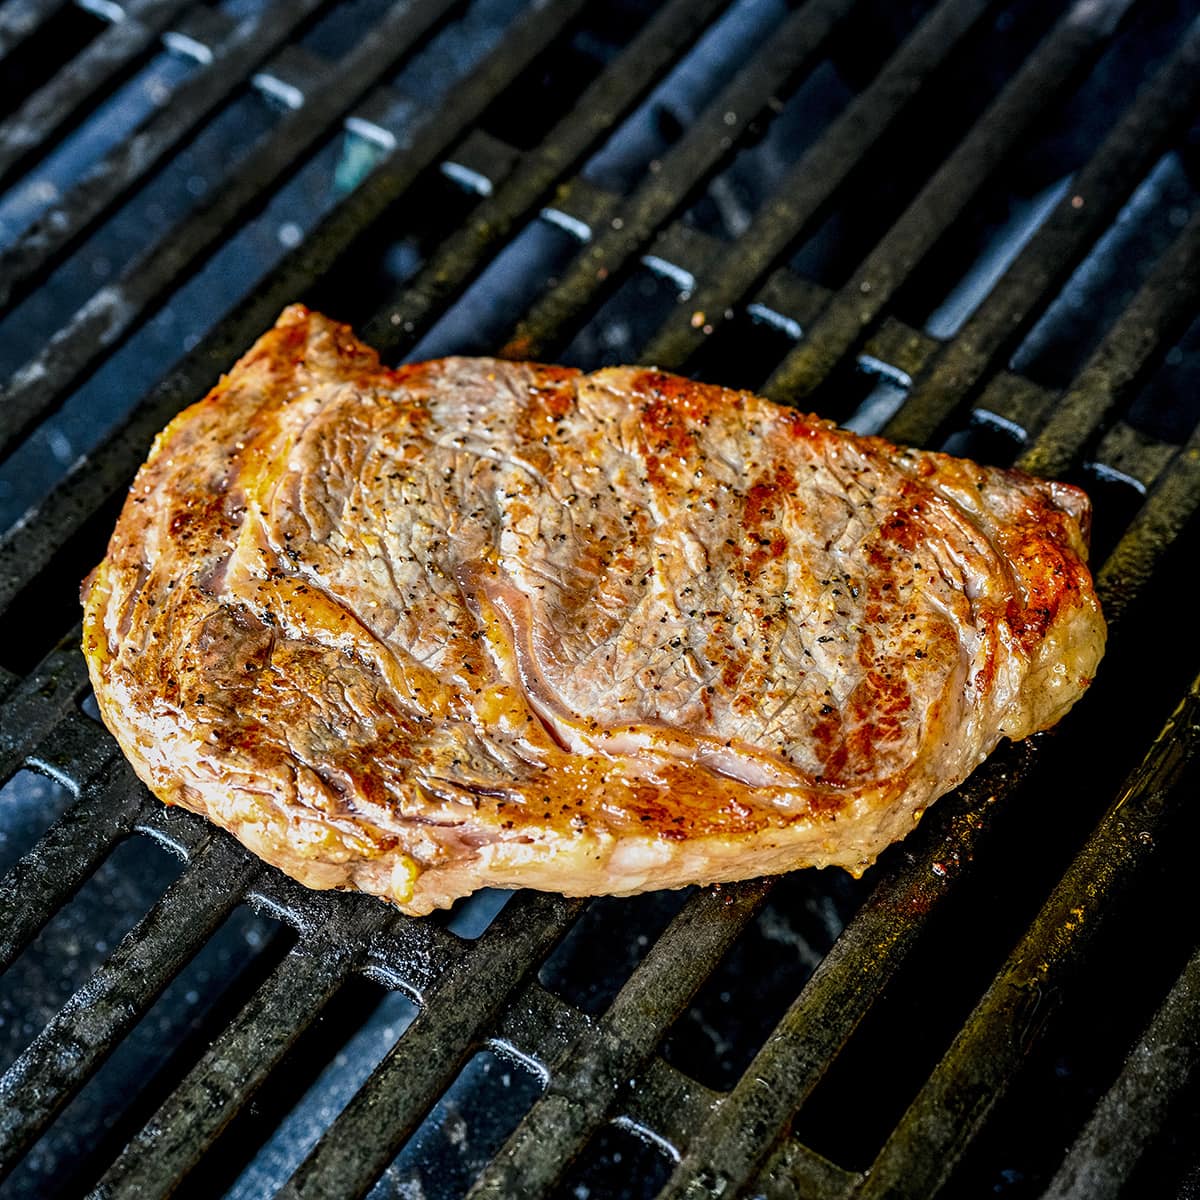 Steak grilled to perfection on a grill.
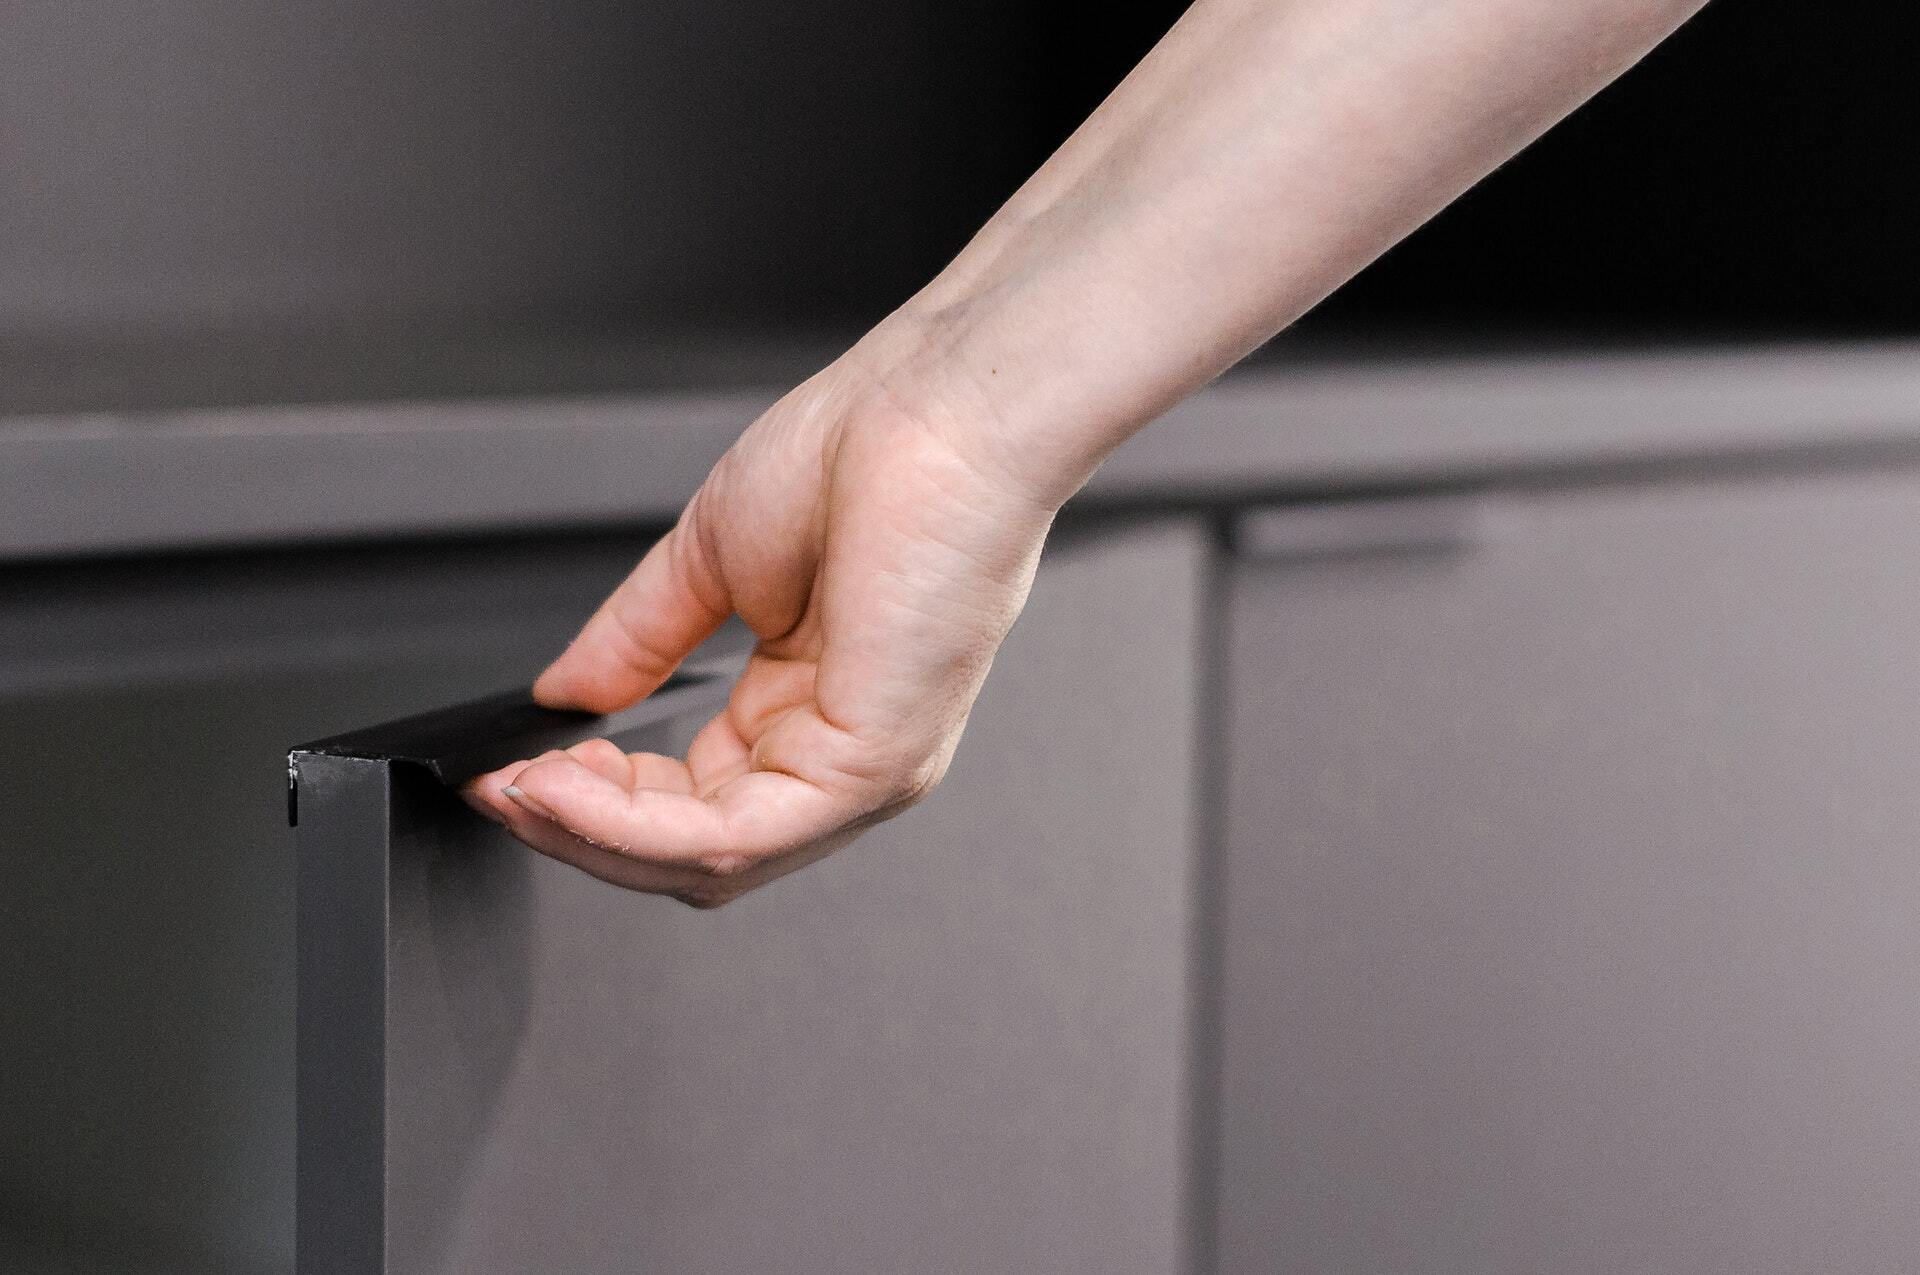 hand opening cabinet
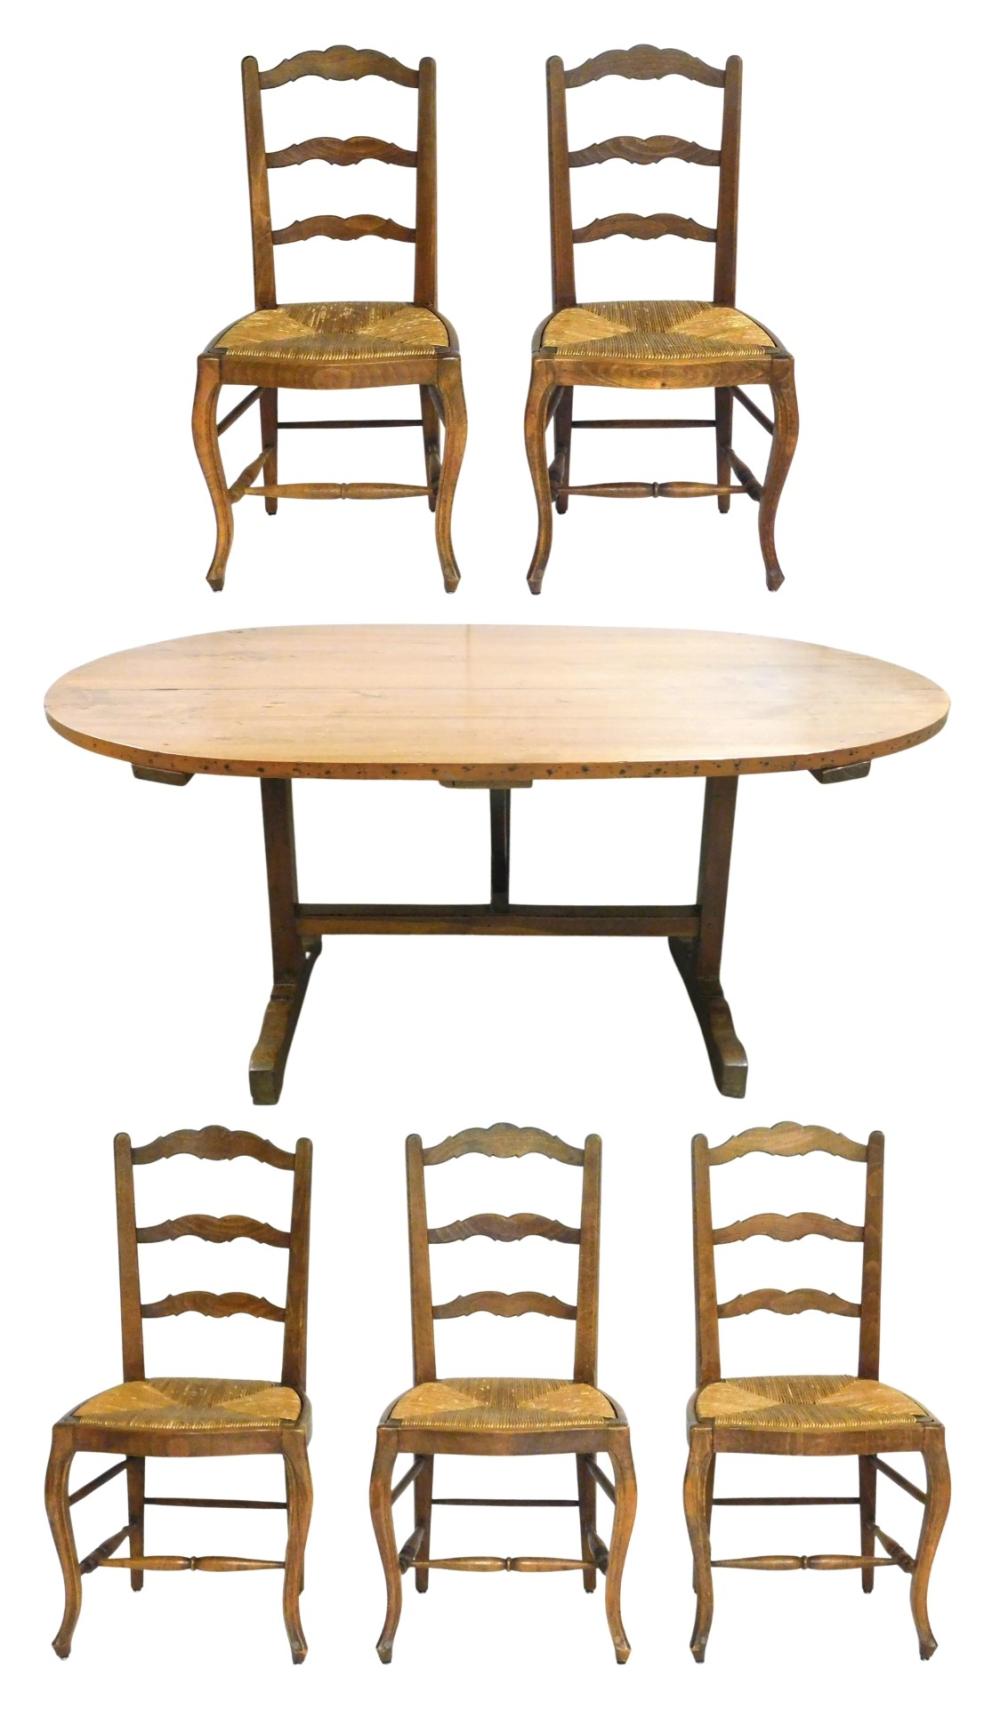 FRENCH PROVINCIAL STYLE OVAL DINING

What is being asked:
Could you copy the listing exactly, leaving out any pictures?

Solution for this exercise:
 Steak grilled to perfection on a grill.
 hand opening cabinet
 FRENCH PROVINCIAL STYLE OVAL DINING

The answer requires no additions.